What the task asks =>
No pictures belong in the copy. Set down exactly the lines from the one that contains "Hanke on käynnistynyt" through the end of the data.

Supplied material =>

━━━━

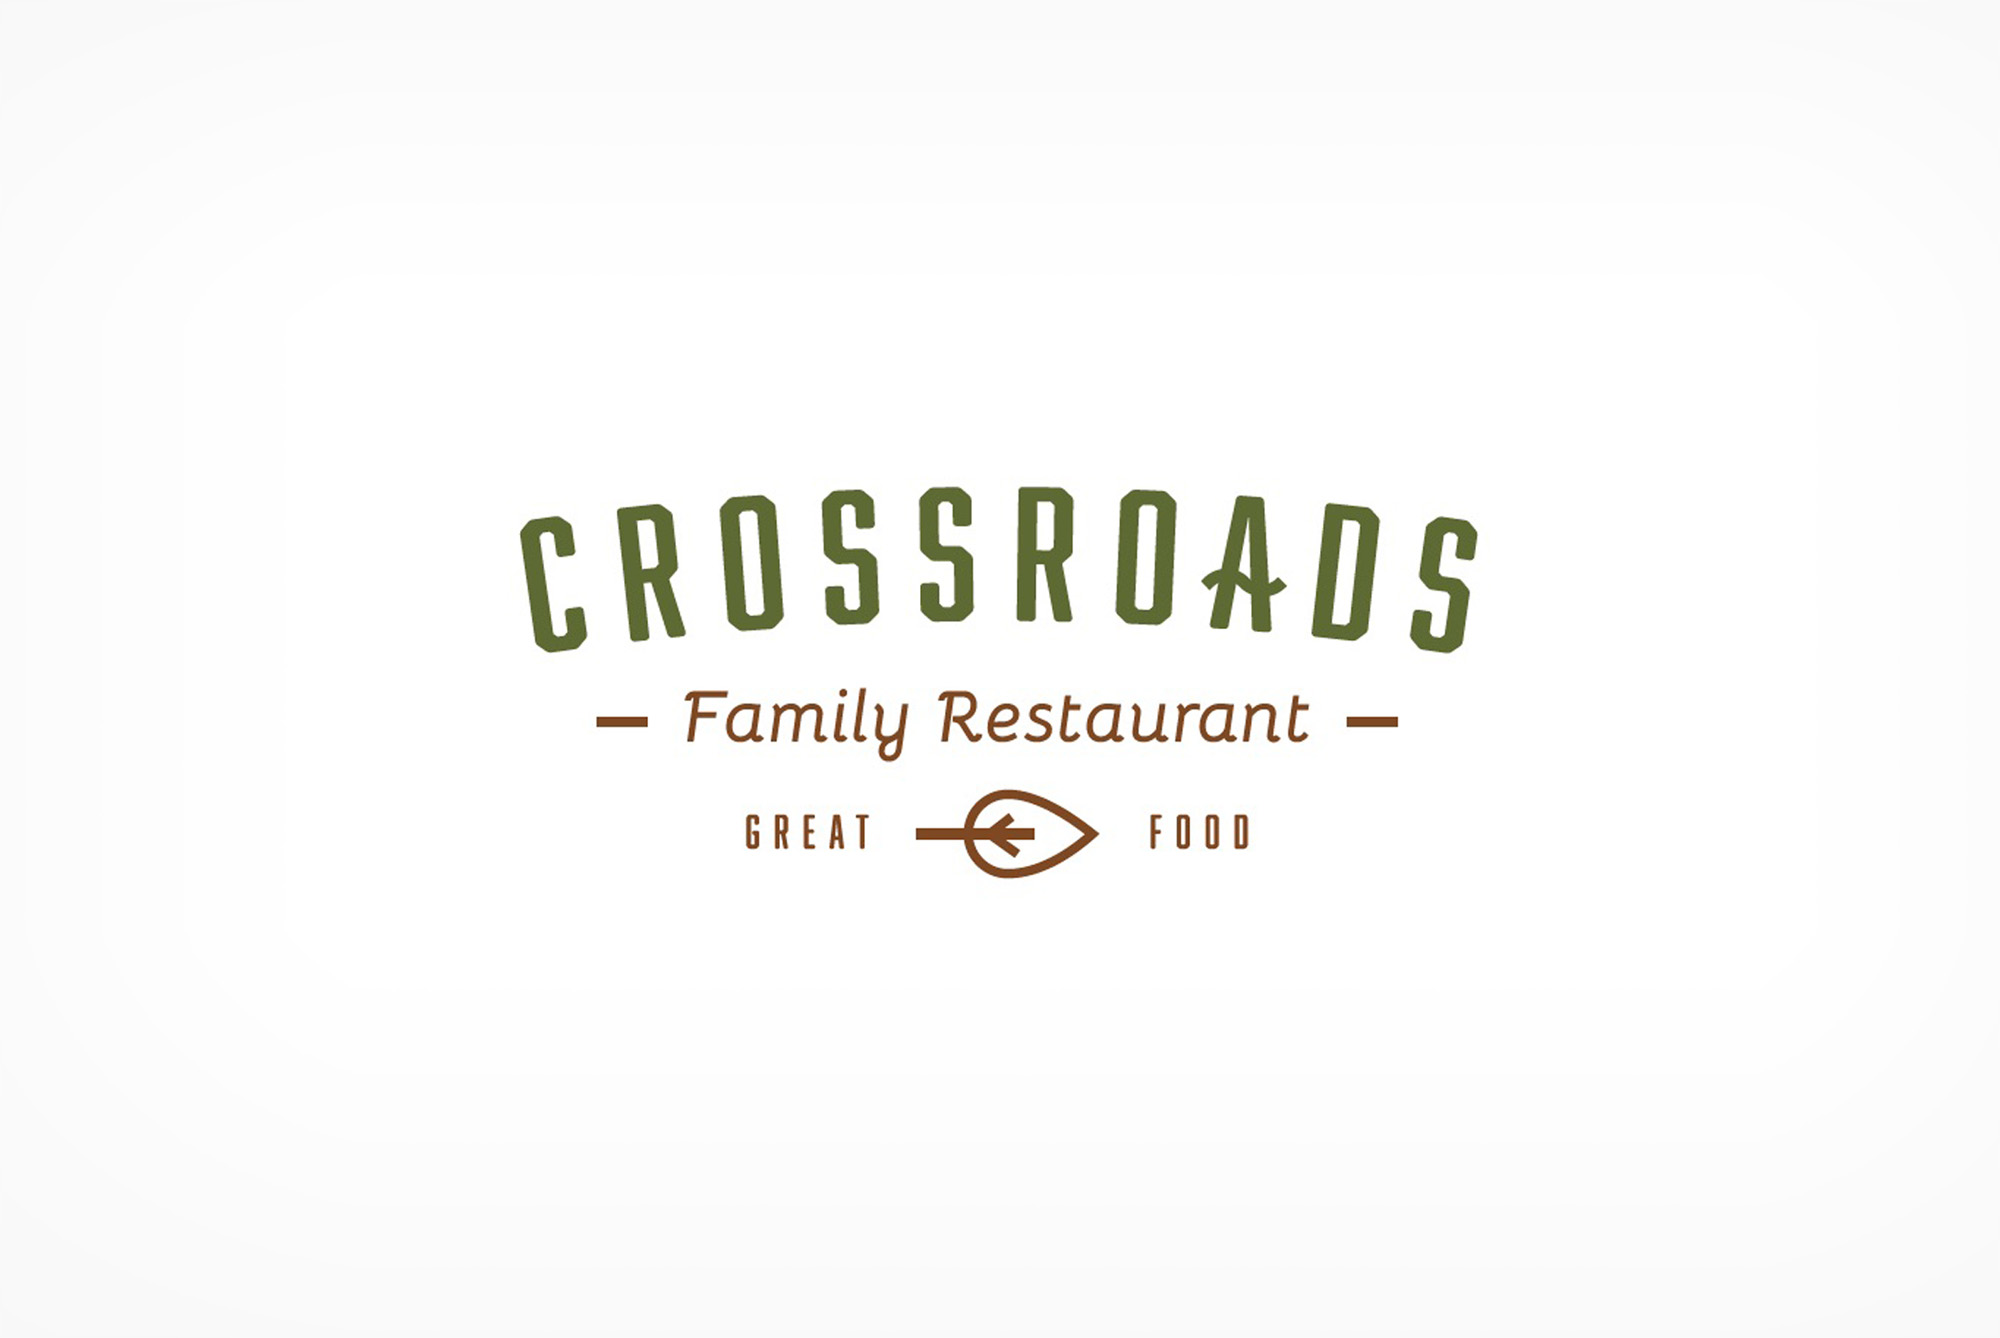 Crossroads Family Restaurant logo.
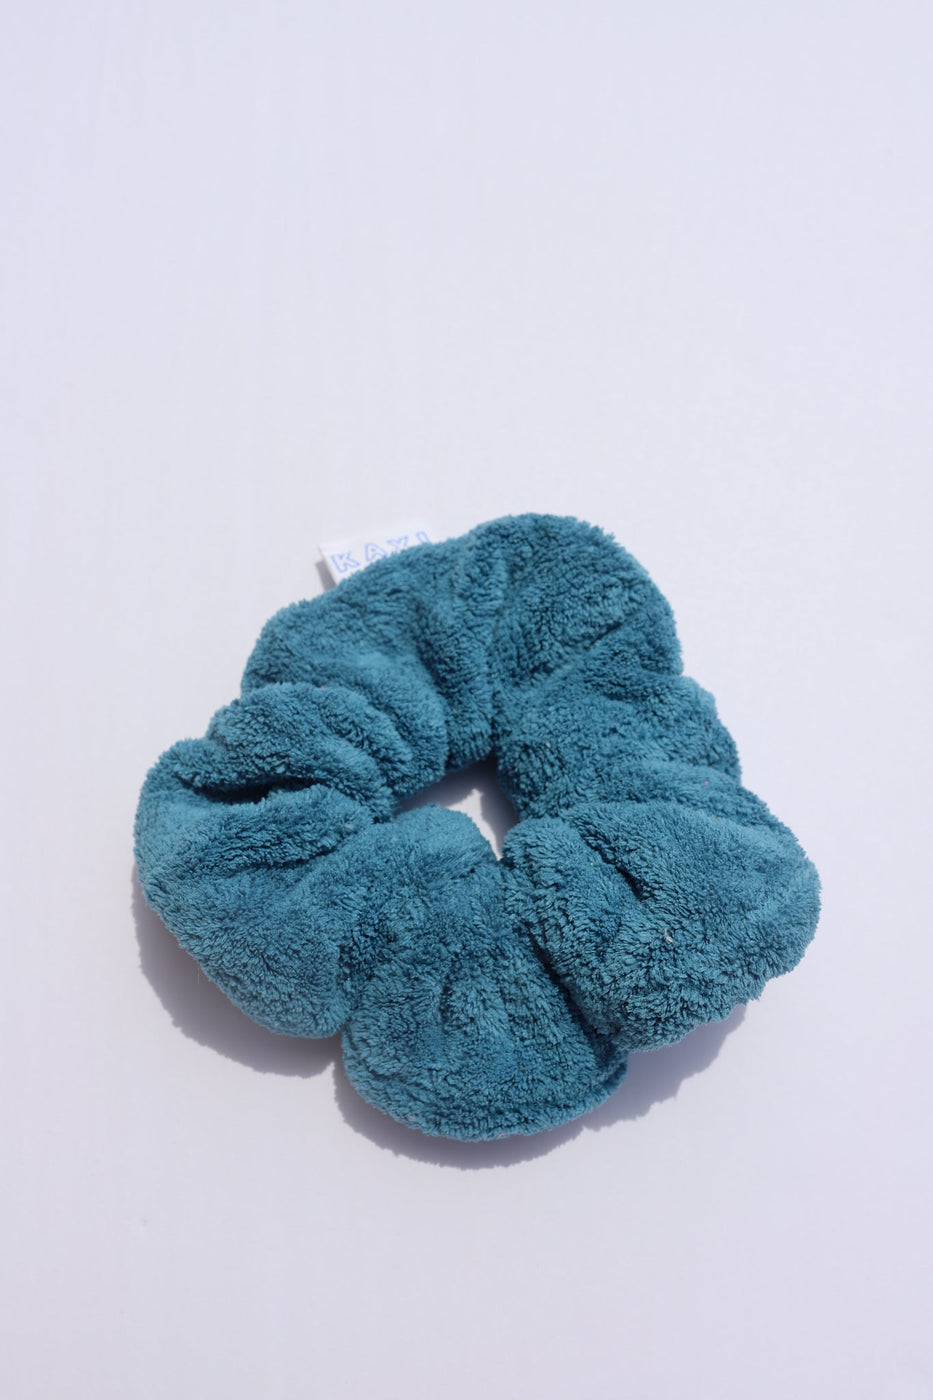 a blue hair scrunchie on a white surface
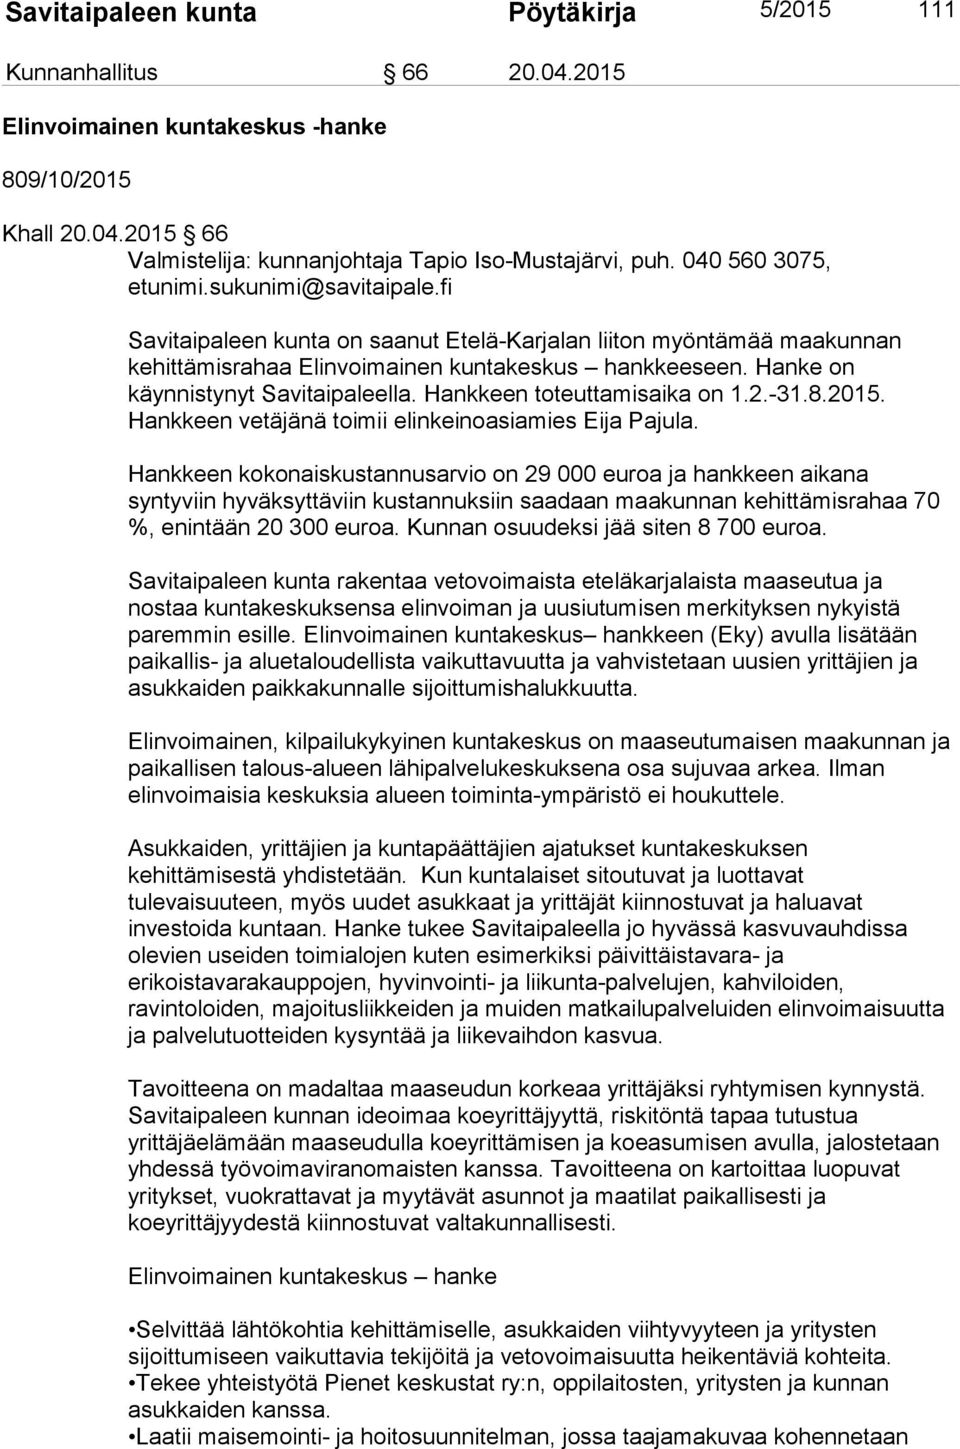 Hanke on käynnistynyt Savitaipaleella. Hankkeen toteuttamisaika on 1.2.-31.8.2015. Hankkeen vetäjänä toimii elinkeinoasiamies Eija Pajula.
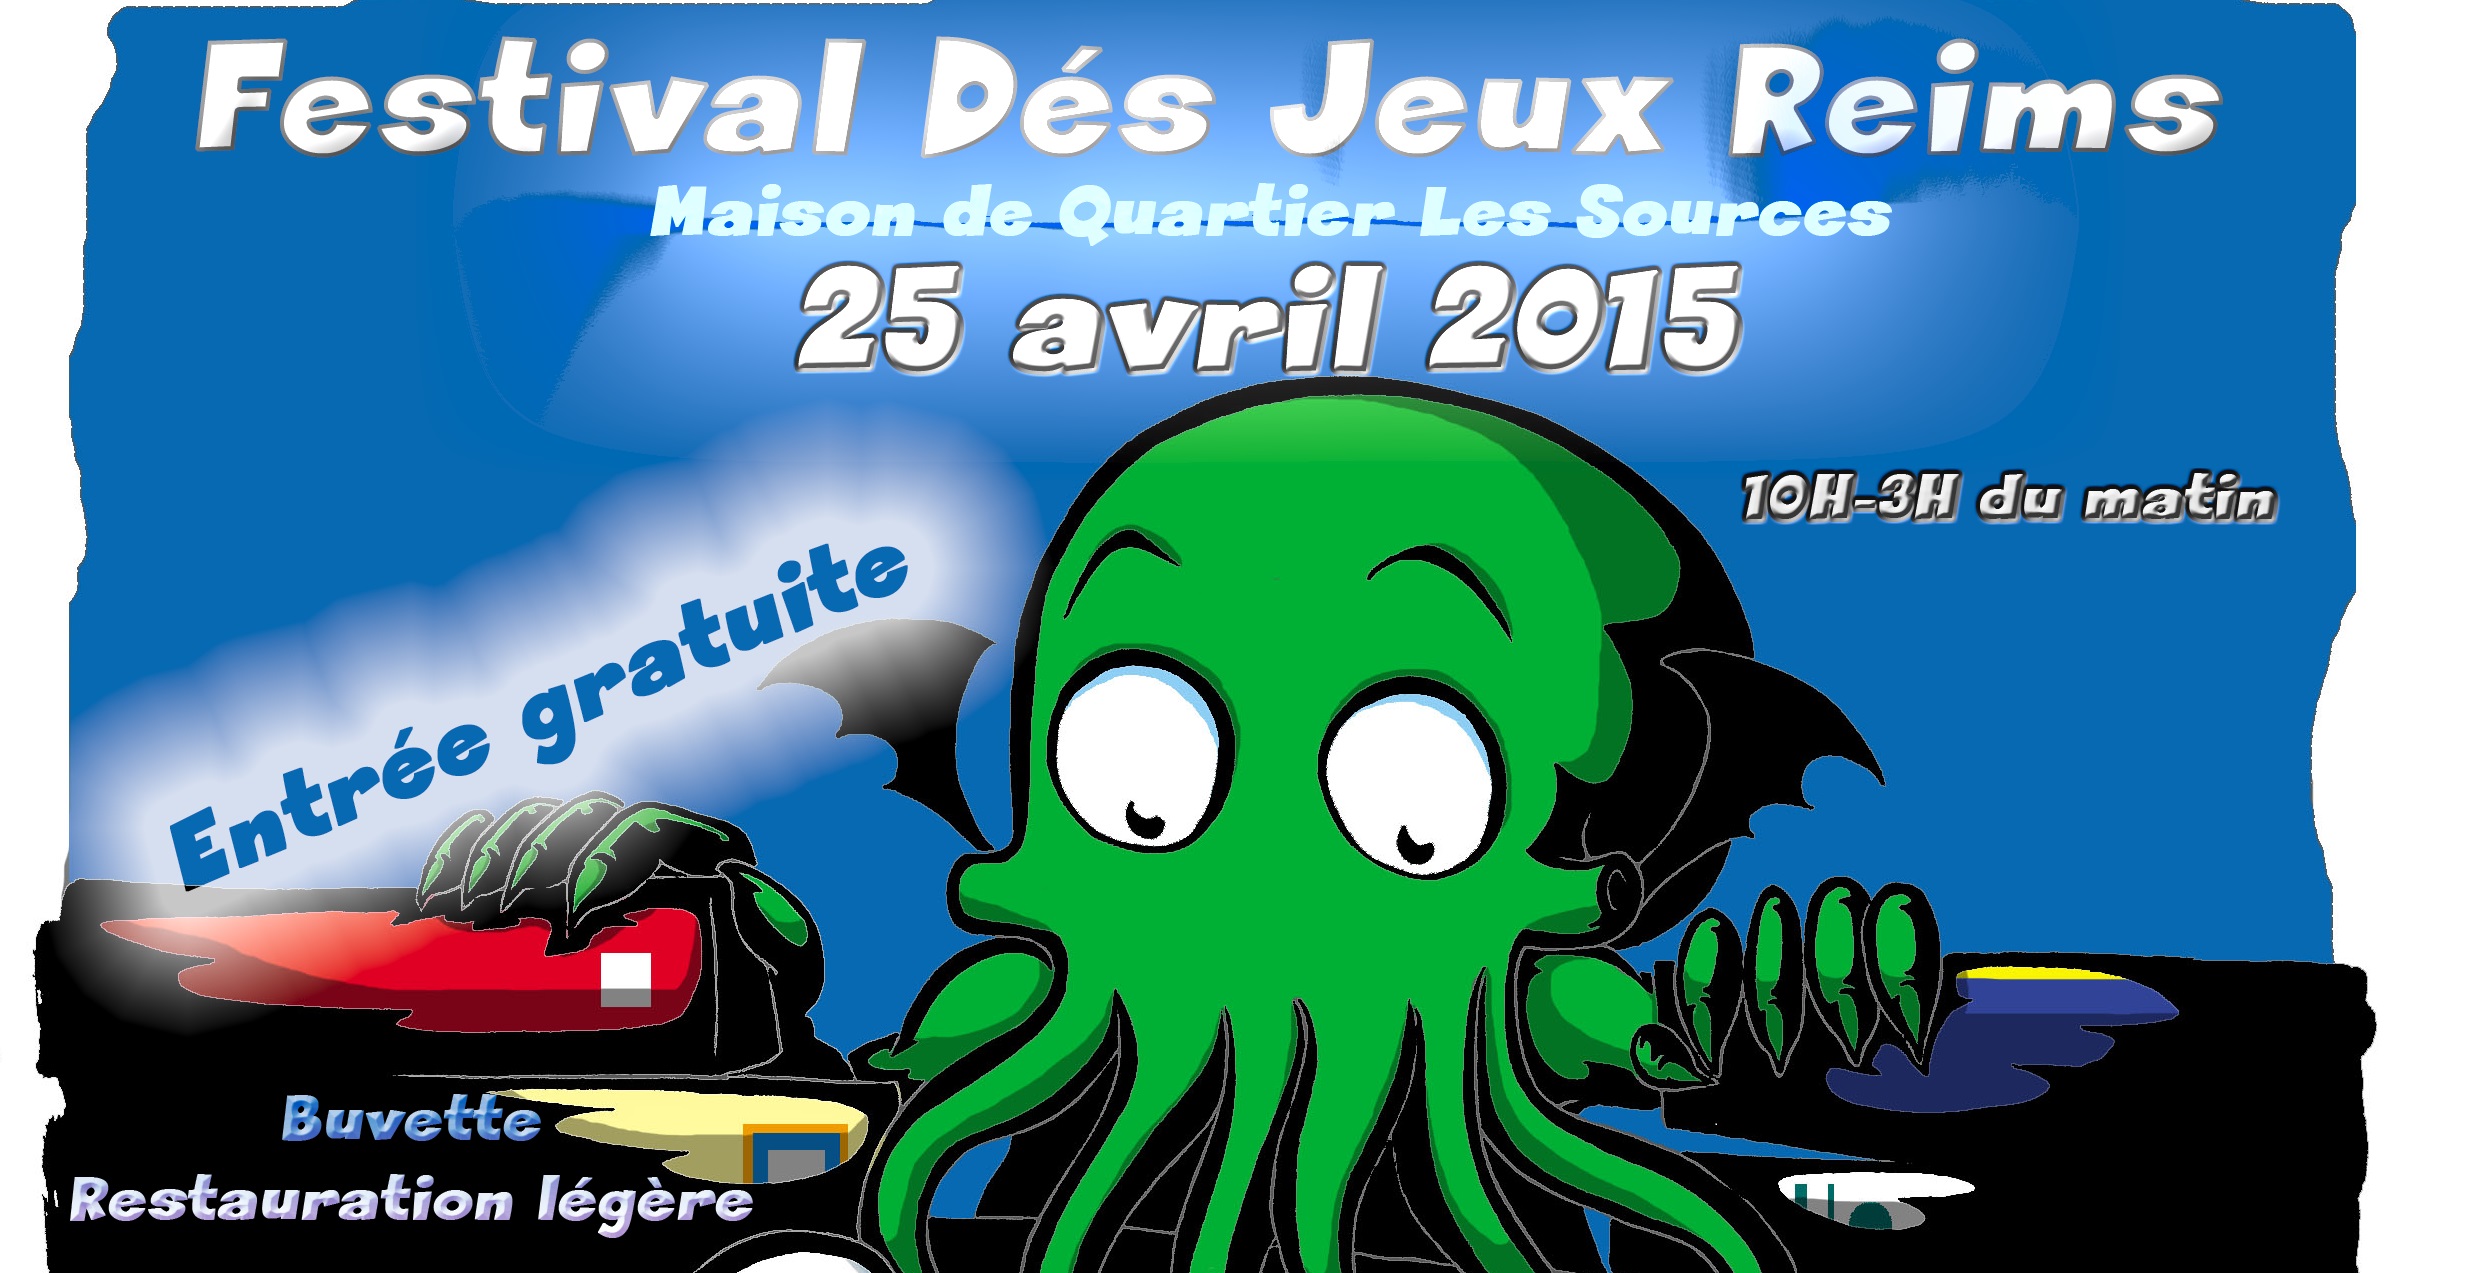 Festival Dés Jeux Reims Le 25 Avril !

━━━━

Exercise answer =>
 Hanke on käynnistynyt Savitaipaleella. Hankkeen toteuttamisaika on 1.2.-31.8.2015. Hankkeen vetäjänä toimii elinkeinoasiamies Eija Pajula.
 Festival Dés Jeux Reims Le 25 Avril !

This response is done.